Lawmakers bend administration ears
Tipped off to the fact that Hagel was mulling cuts to the biofuels program, supporters sprang into action. Multiple lawmakers, including Sens. Mark Udall (D-Colo.) and Jeanne Shaheen (D-N.H.), who led opposition to efforts to cut the program in the 2014 defense policy bill, put in calls to Hagel and the White House, sources said.
“The industry is ready to move forward with larger, industrial-scale biorefineries that will make advanced biofuels competitive with petroleum fuel,” the nonprofit source said. “This is important for national security because it will break the military’s single-source dependence on oil — a key strategic vulnerability.”
Udall, Shaheen and other proponents of the program have contended that large-scale production of biofuels would help mitigate the price shocks that threaten to eat away at the department’s budget. The Pentagon just this week submitted a request to Congress to move $1 billion between its accounts in order to deal with higher-than-expected fuel costs. The request came as part of a broader request to shift funds among accounts.

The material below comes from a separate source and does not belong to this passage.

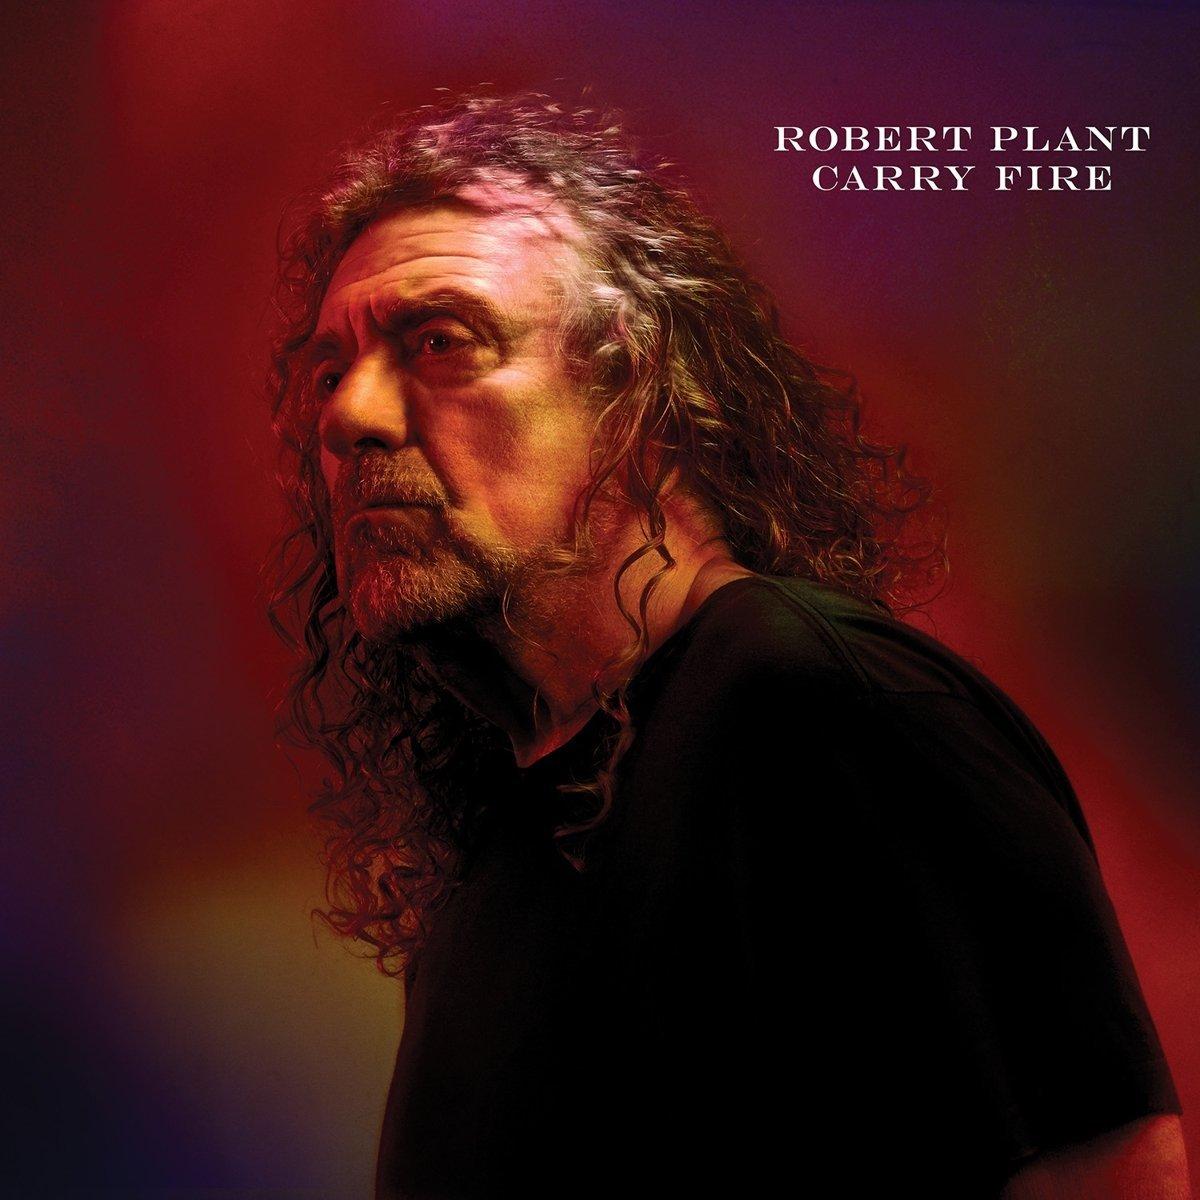 Carry Fire – Vinyl LP - Robert Plant

It is not clear whether congressional opponents of the program have taken the opportunity to press their case for killing the biofuels effort or whether they have opted to watch from the sidelines as the administration becomes wracked with internecine battles.
White House support
According to multiple sources, the White House has for at least two weeks been engaged in quiet lobbying with the Pentagon aiming to at a minimum slow down the department’s action on the issue. On Friday, President Obama’s top energy adviser may have been sending a signal across the Potomac when she trumpeted the military’s role in energy innovation in a White House blog post.
“Beyond the direct benefits to our military, DOD’s investments in clean energy benefit the country as a whole, by catalyzing private sector investment to more quickly commercialize advanced technologies for a variety of commercial applications,” Deputy Assistant to the President for Energy and Climate Change Heather Zichal wrote.

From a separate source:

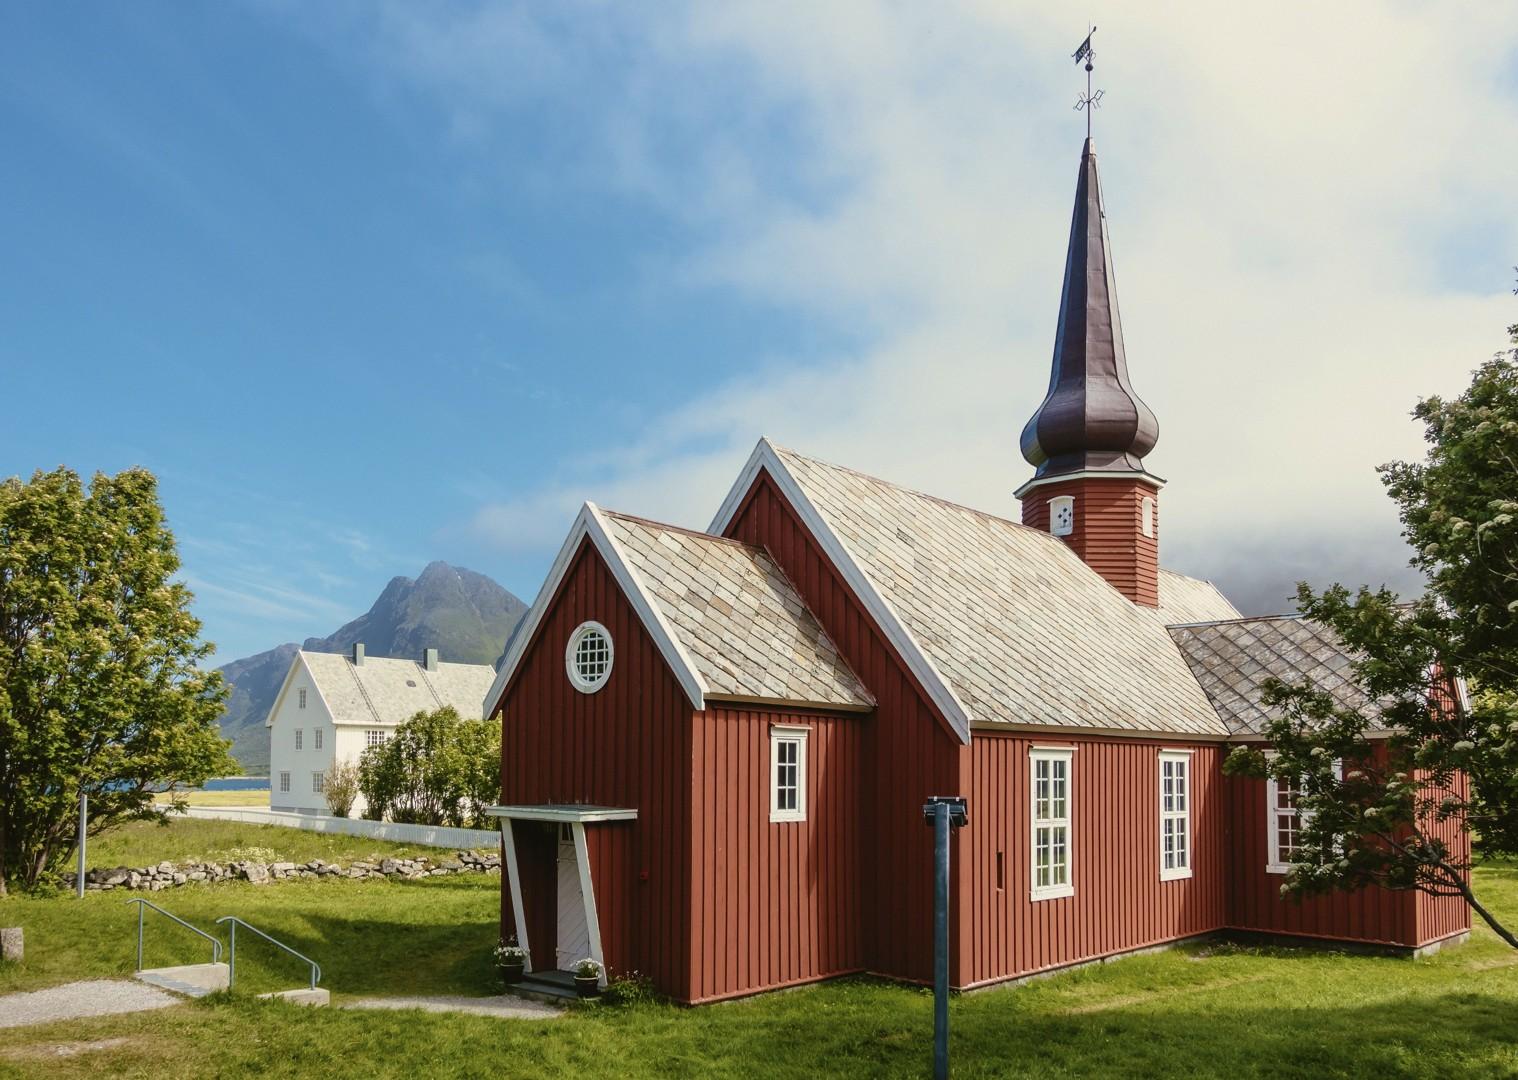 leisure-cycling-holiday-lofoten-house.jpg - Norway - Lofoten Islands - Self-Guided Leisure Cycling Holiday - Leisure Cycling

Now, the White House must decide whether to pull its trump card and force the Pentagon to move forward with the program or let Hagel make his own call, the nonprofit source said. The issue, he said, has risen to the level of Vice President Joe Biden, but the decision whether to intervene will likely be made by either the national security or domestic policy staff.
Pentagon offices, along with advisers from DOE and USDA, have spent the last nine months vetting roughly two dozen industry proposals in the competition to win $30 million under the first phase of the program. Companies would use that money to develop plans for refineries that would then compete in phase two for construction funding. An announcement of the winners has been widely expected for weeks.

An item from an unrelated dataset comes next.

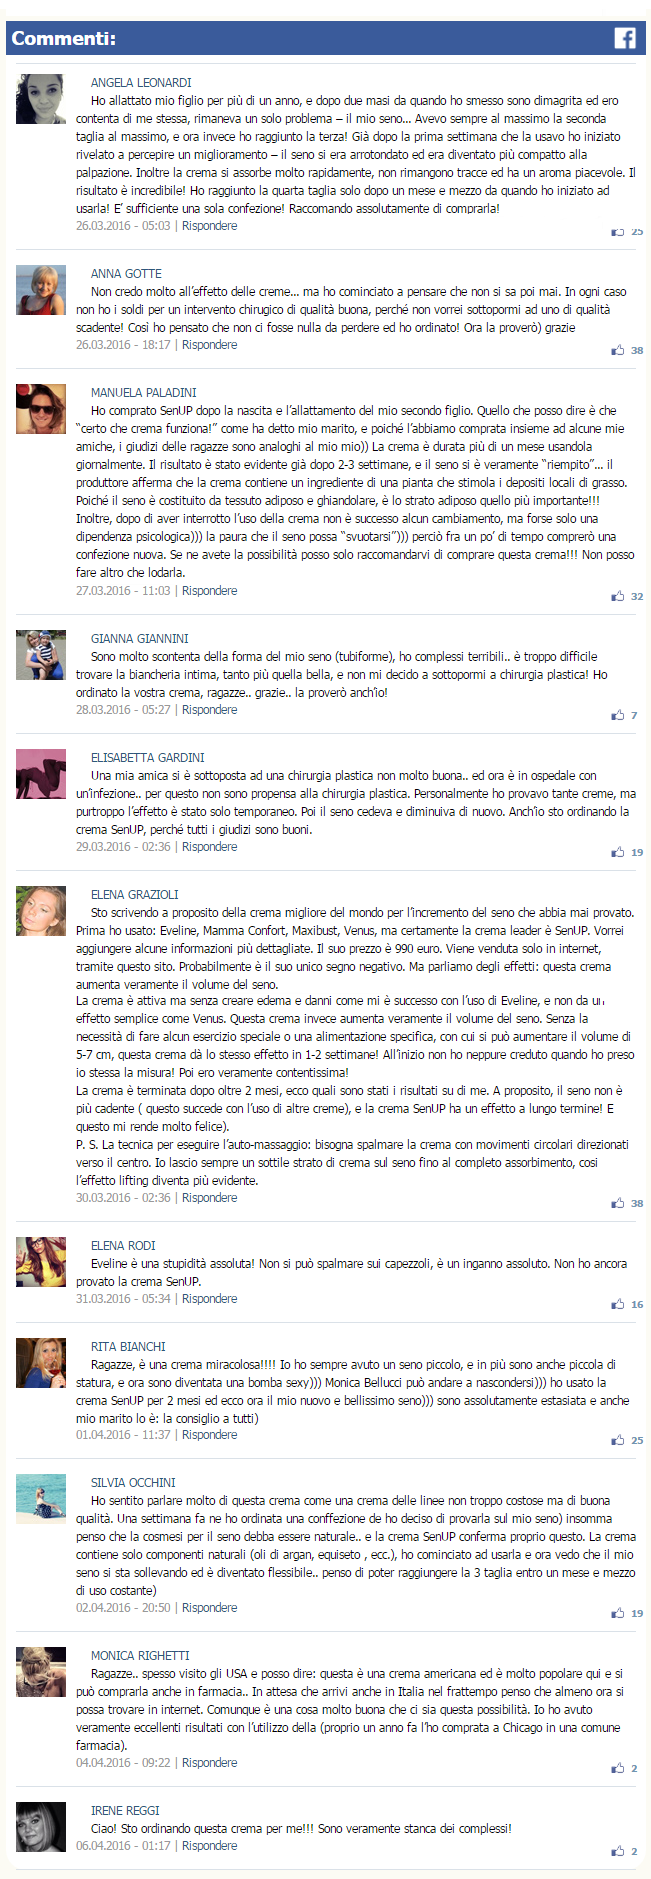 senup-commenti-facebook

At stake is near-term construction of the first commercial-scale refineries for drop-in replacement biofuels. Such refineries are broadly expected to be built in the next decade or so; the federal investment is intended to speed forward the construction.
“I’m not going to tell you that there would never have been commercial-scale drop-in biofuel refineries without this program,” the second source familiar with the project said. “It would accelerate it.”
Following the 2011 failure of the government-backed solar firm Solyndra, congressional Republicans have been highly critical of such federal energy investments. That criticism has been especially strong when it comes to programs involving the military. Opponents have contended that spending on energy programs is an unwise use of limited defense dollars.
In addition to tangible setbacks to the biofuels industry that canceling the program could bring, supporters also say it would send exactly the wrong message to the industry at a time when it is engaged in battles on multiple fronts, including efforts to reform the renewable fuel standard.
“For the biofuels industry, the signal this would send [from the administration] is ‘don’t trust us,'” the source said.